[Go-essp-tech] [esg-gateway-dev] Replica support in Gateway 2.0
Eric Nienhouse
ejn at ucar.edu
Mon Nov 14 15:53:13 MST 2011
Hi All,
Thanks Jamie Another notable bullet from this discussion:
* Clear indication of the version of the dataset under download.
Tomorrow is an "on" week for our go-essp tech call. I suggest we
convene and discuss this area further and work to condense this thread
into actions. In particular clarification and prioritizing of the
following:
* QC L2 datasets as derived from the "pre-press" original.

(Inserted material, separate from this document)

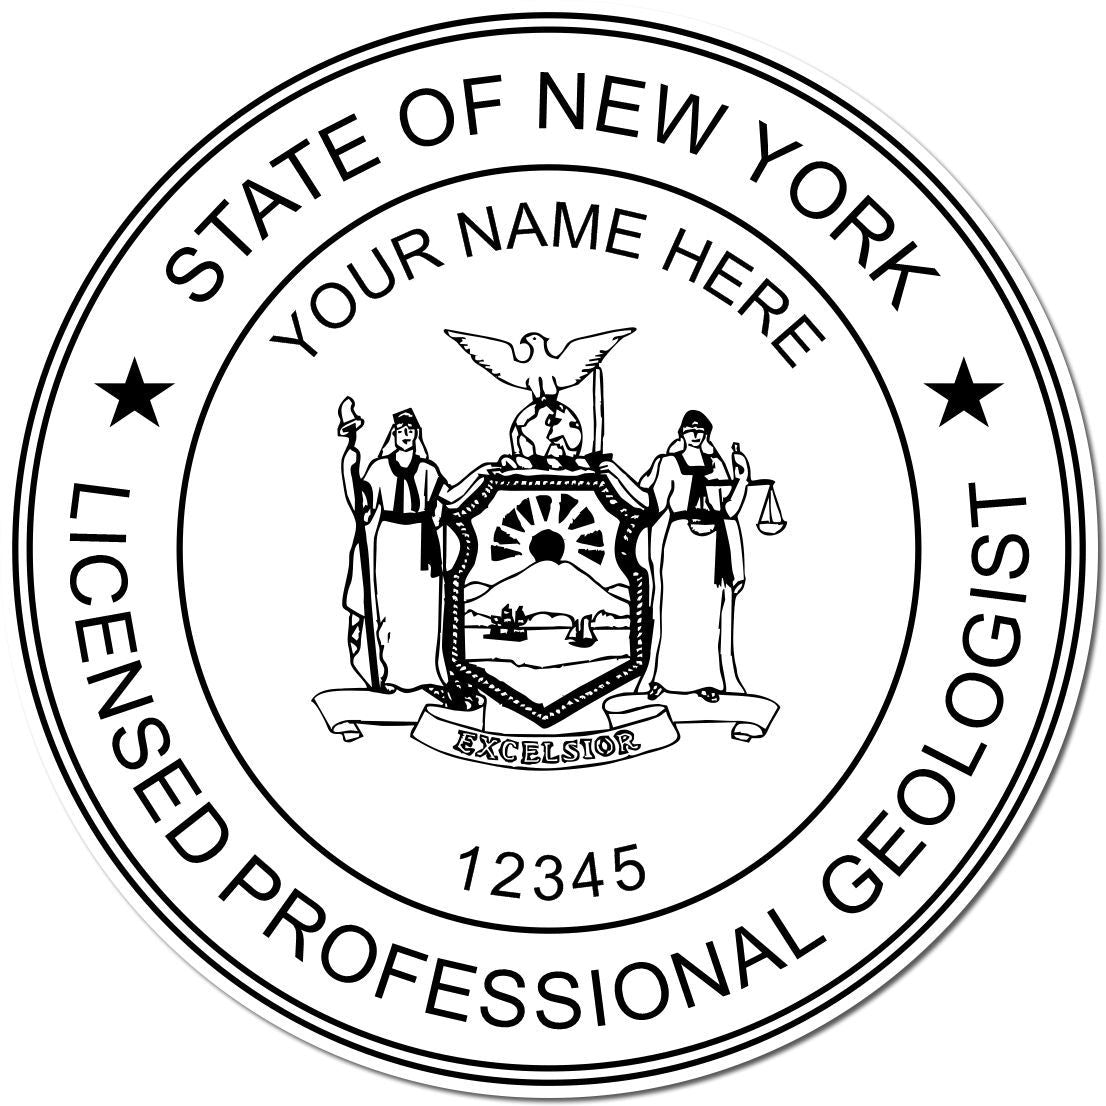 This paper is stamped with a sample imprint of the Digital New York Geologist Stamp, Electronic Seal for New York Geologist, signifying its quality and reliability.
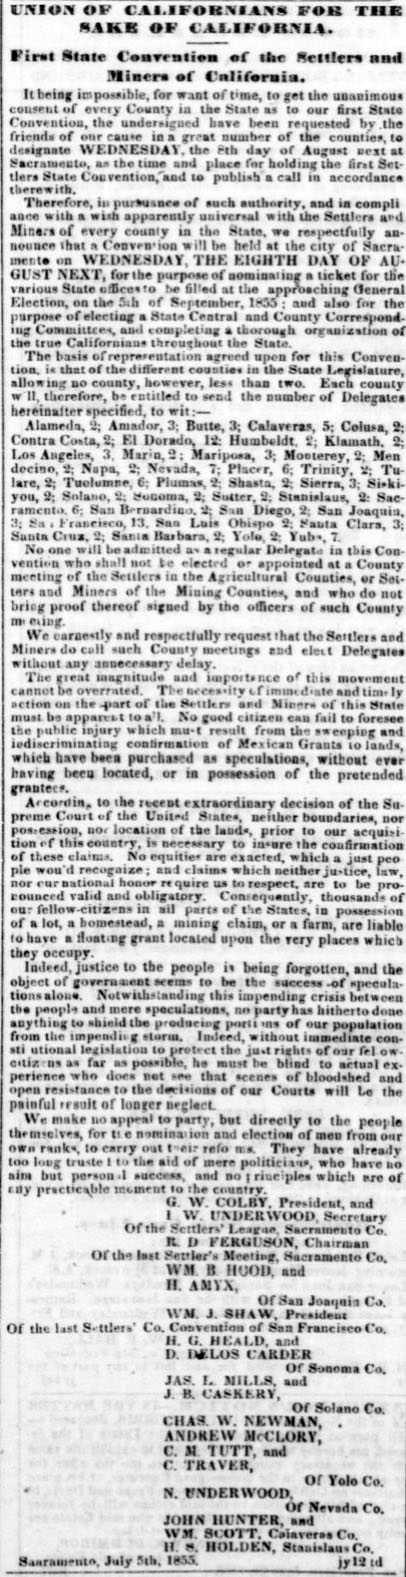 Union of Californians, July 12, 1855, Daily Alta California.

* Clear indication of dataset version. (It would not be hard to expose
the dataset version in the Gateway.)
* Stale replicated datasets.
A related topic from our previous call agenda is:
* DRS conformance. Can Karl's scriptable download scenario be achieved.
Other input welcome!
Thanks,
-Eric
Kettleborough, Jamie wrote:
> Hello Eric,
>
> Thanks for this. I think there is third bullet point to add to your 'notable things'. It is implied by much of the discussion, but maybe needs making explicit:
>
> * The version a user is downloading needs to be made clear to the users (I'm not sure it is at the moment - it certainly is something that has caused users here a lot of issues).
>
> I think there are different ways of exposing this, and I don't know what is optimal... How hard would it be for the gateway to expose the version number? (are there reasons why this is a bad idea?)
>
> Jamie
>
>
>> -----Original Message-----
>> From: esg-gateway-dev-bounces at mailman.earthsystemgrid.org
>> [mailto:esg-gateway-dev-bounces at mailman.earthsystemgrid.org]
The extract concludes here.